Home | About | Sematext search-lucene.com search-hadoop.com
 Search Hadoop and all its subprojects:

Switch to Threaded View
HBase, mail # user - Behavior of Filter.transform() in FilterList?


Copy link to this message
-
Re: Behavior of Filter.transform() in FilterList?
lars hofhansl 2013-07-01, 19:01
It would make sense, but it is not immediately clear how to do so cleanly. We would no longer be able to call transform at the StoreScanner level (or evaluate the filter multiple times, or require the filters to maintain their - last - state and only apply transform selectively).

I added transform() a while ago in order to allow a Filter *not* to transform.
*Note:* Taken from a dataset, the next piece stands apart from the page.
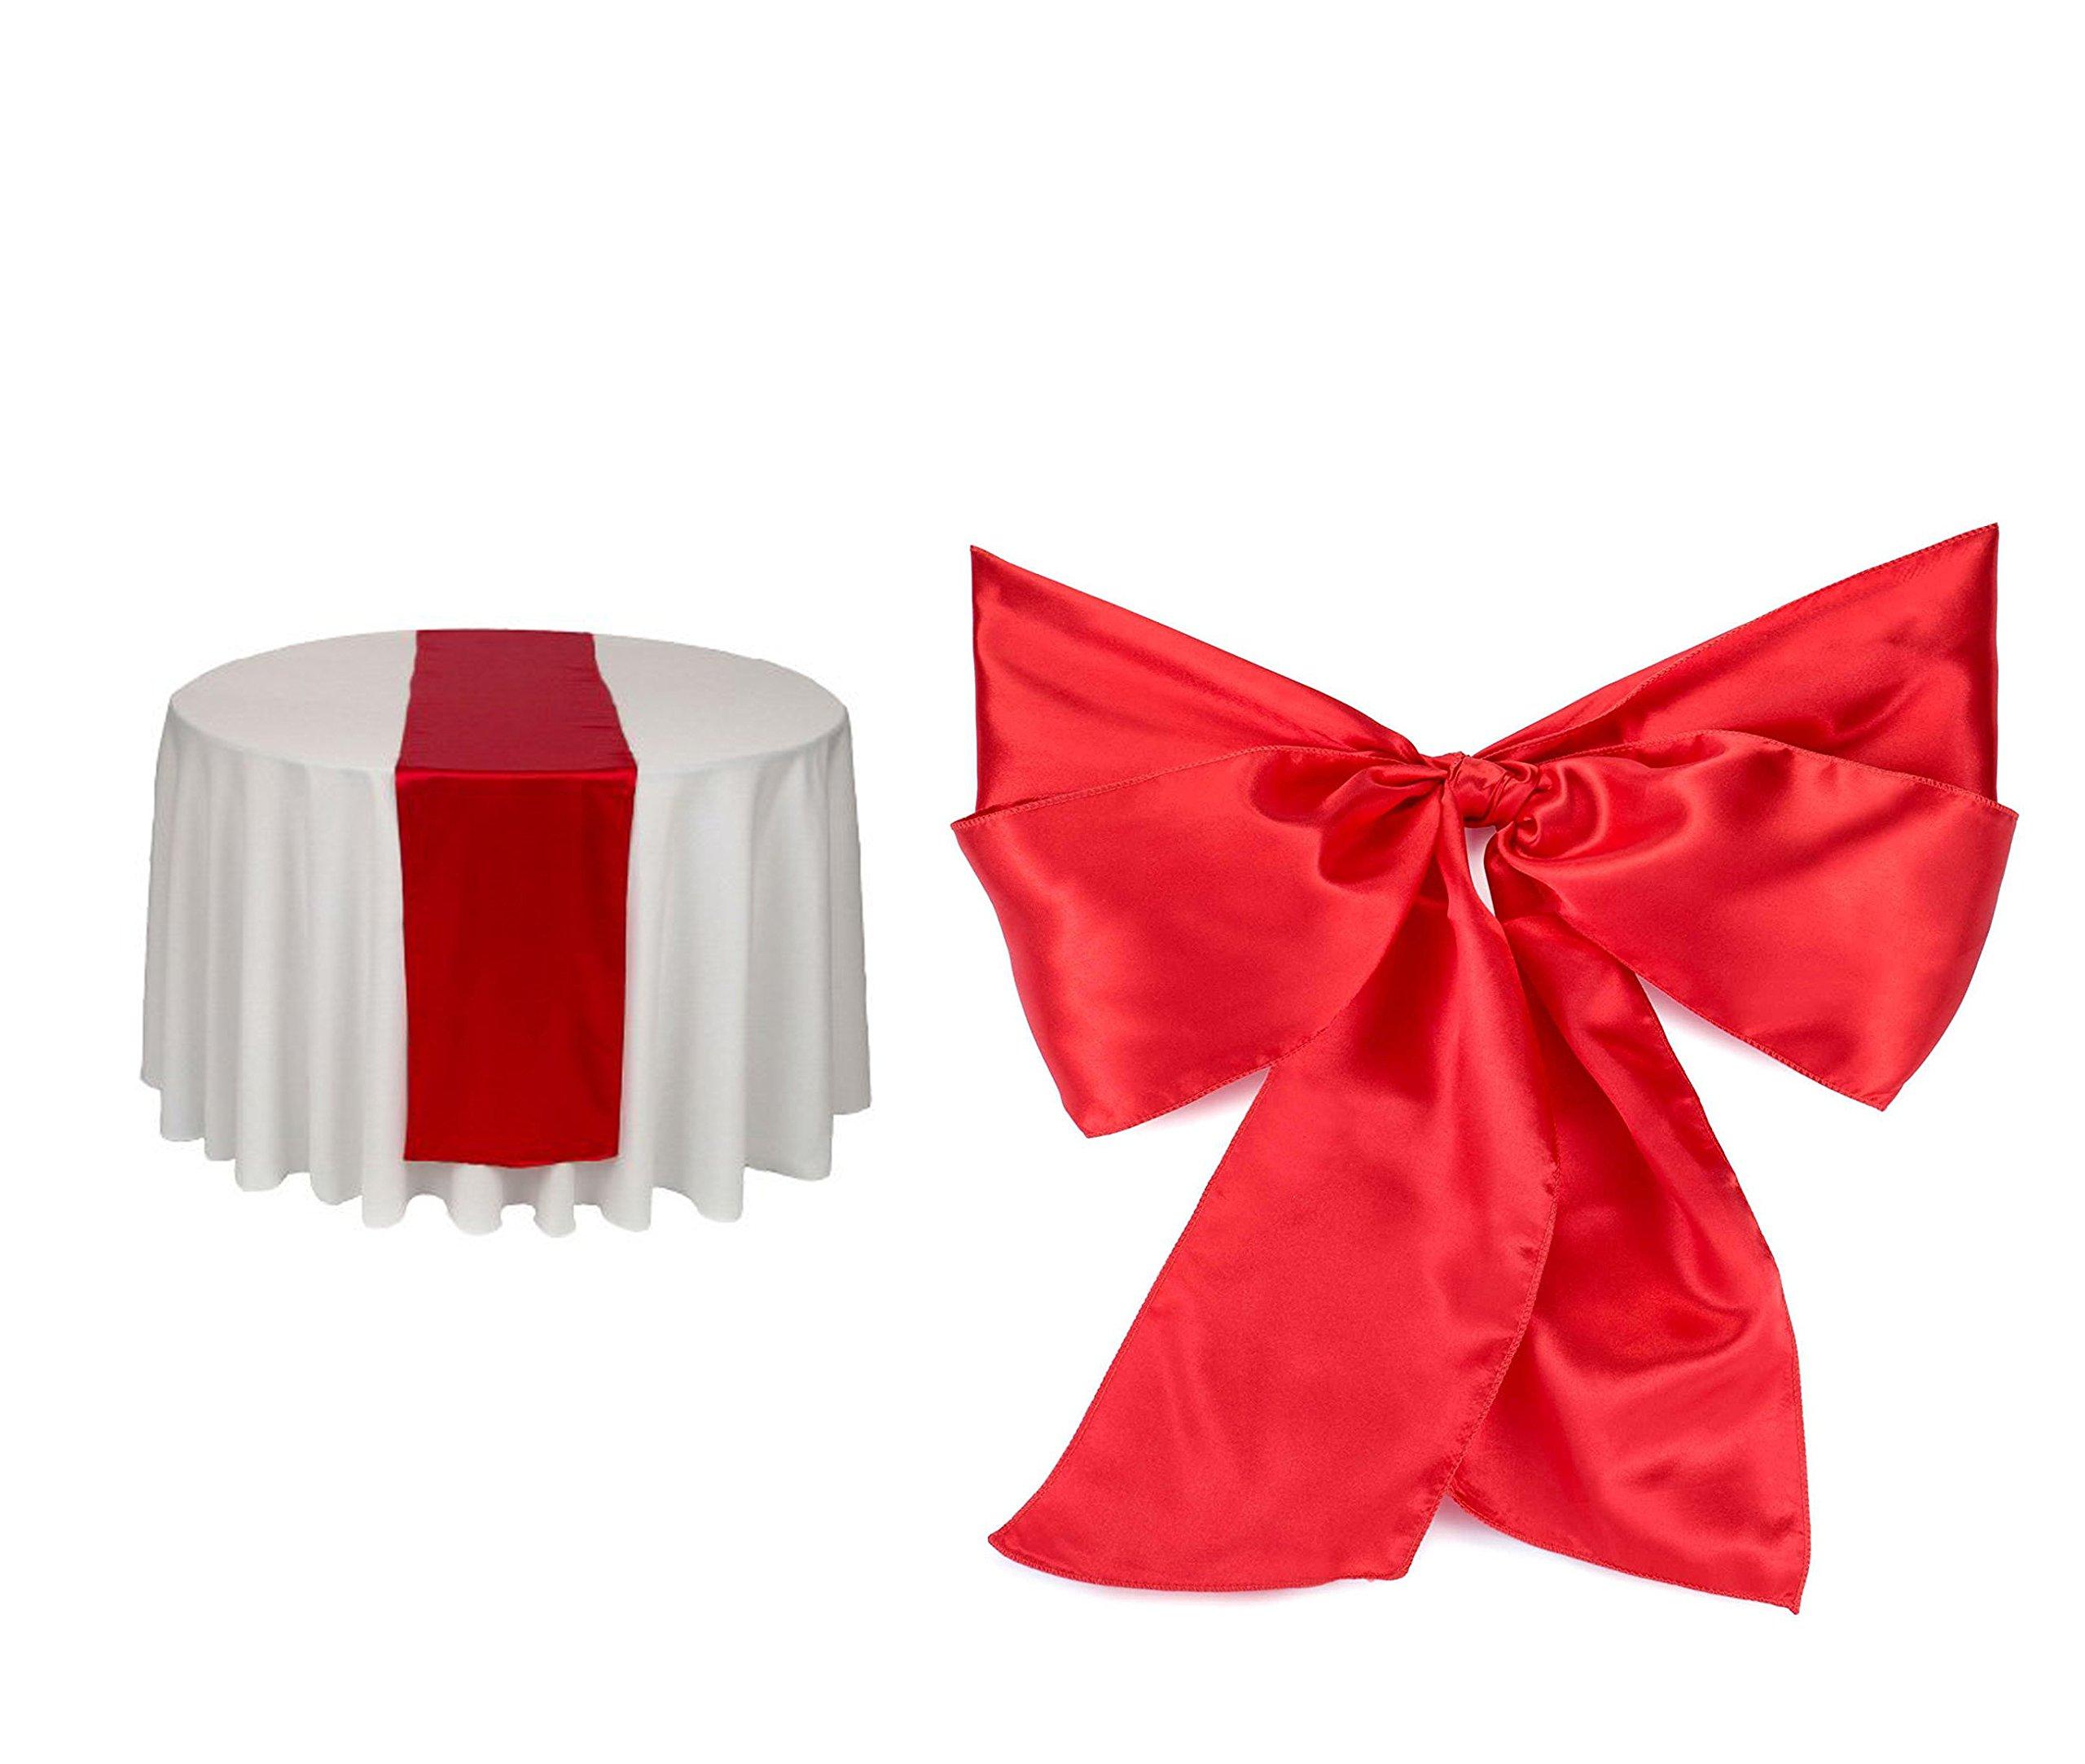 Elina Home RED Satin 2 Table Runner & 10 Combo of TableRunner & Chair Bow Sash for Wedding
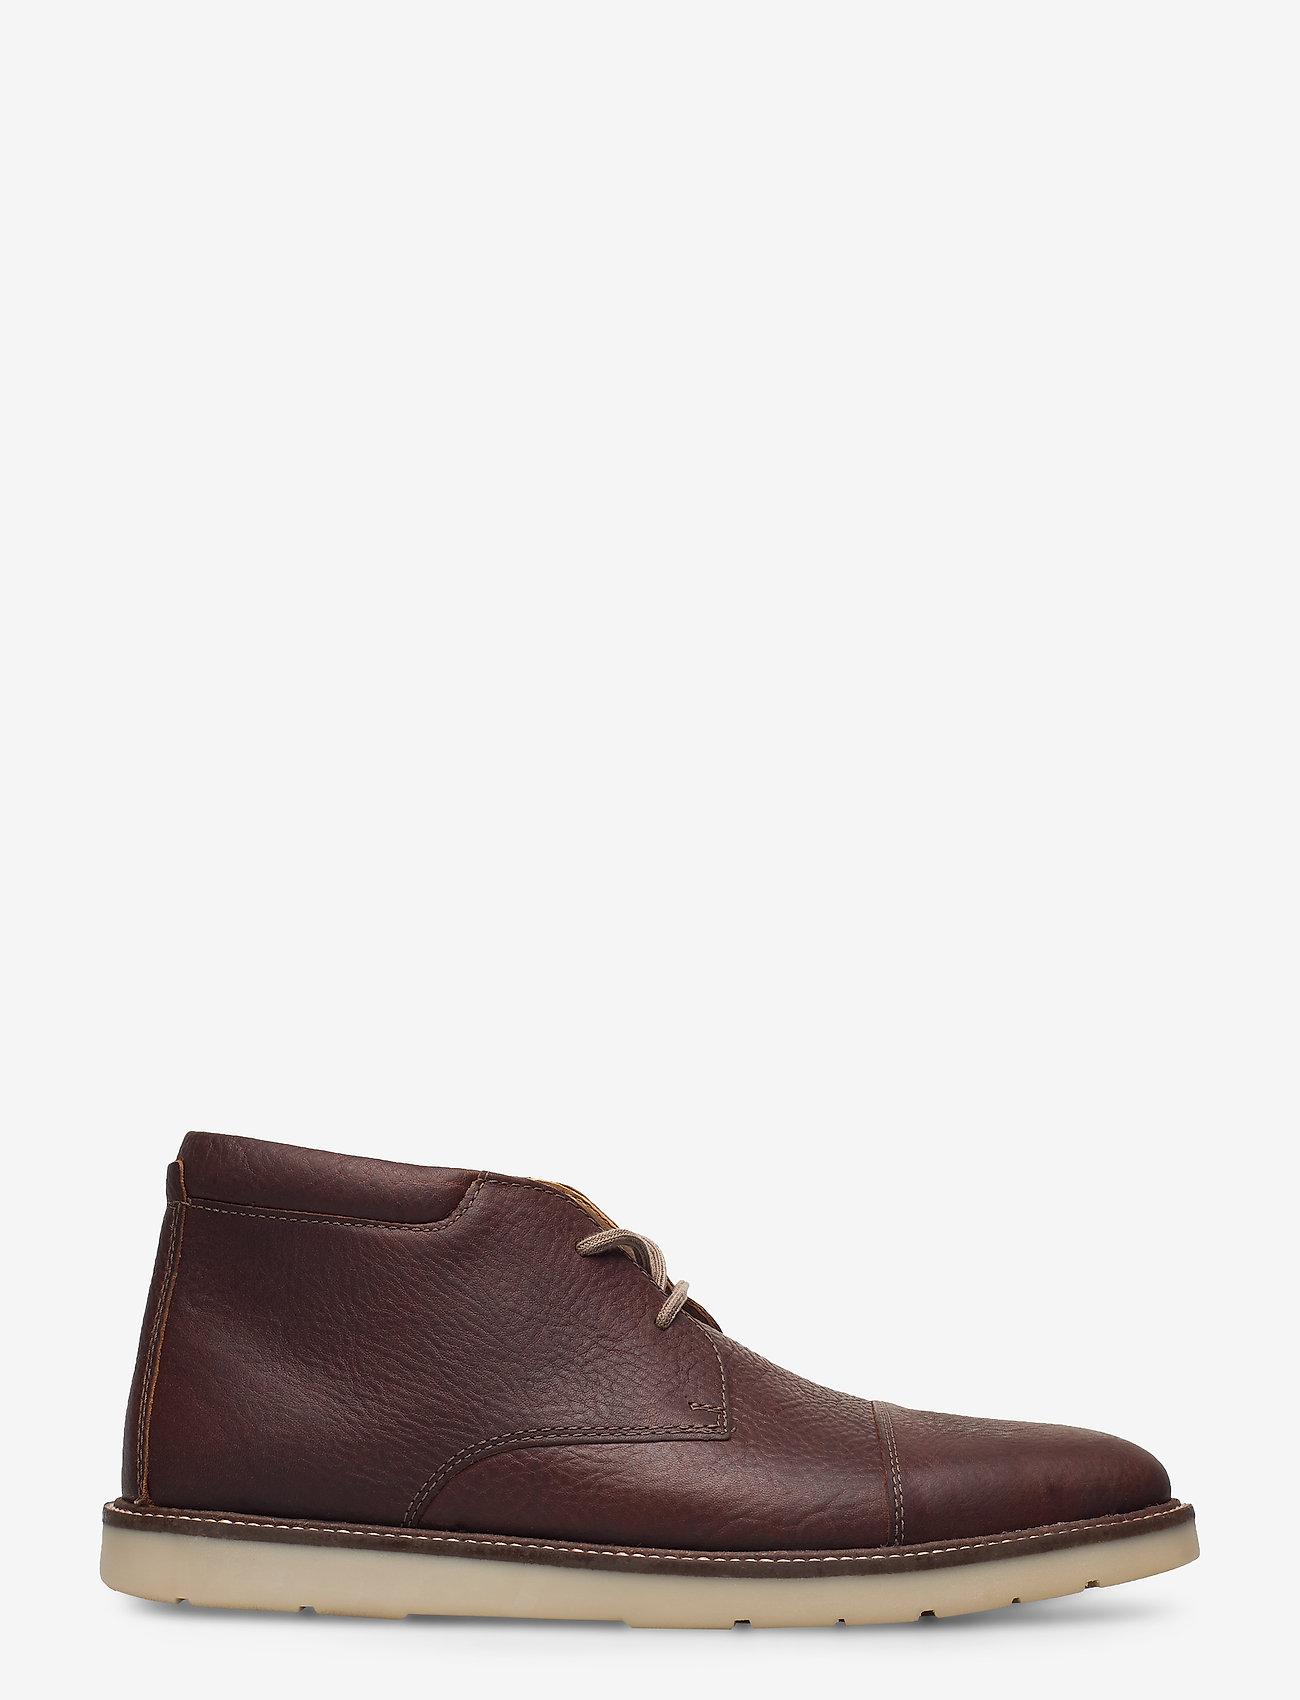 Clarks - Grandin Top - desert boots - tan tumbled - 1

Before each we defensively made a copy of the key, just in case a Filter (such as KeyOnlyFilter) would modify it, now this is a formalized, and the filter is responsible for making a copy only when needed.
-- Lars

________________________________
 From: Christophe Taton <[EMAIL PROTECTED]>
To: [EMAIL PROTECTED]; lars hofhansl <[EMAIL PROTECTED]>
Sent: Monday, July 1, 2013 10:27 AM
Subject: Re: Behavior of Filter.transform() in FilterList?
 
On Mon, Jul 1, 2013 at 4:14 AM, lars hofhansl <[EMAIL PROTECTED]> wrote:

You want transform to only be called on filters that are "reached"?
>I.e. FilterA and FilterB, FilterB.transform should not be called if a KV is already filtered by FilterA?
>

Yes, that's what I naively expected, at first.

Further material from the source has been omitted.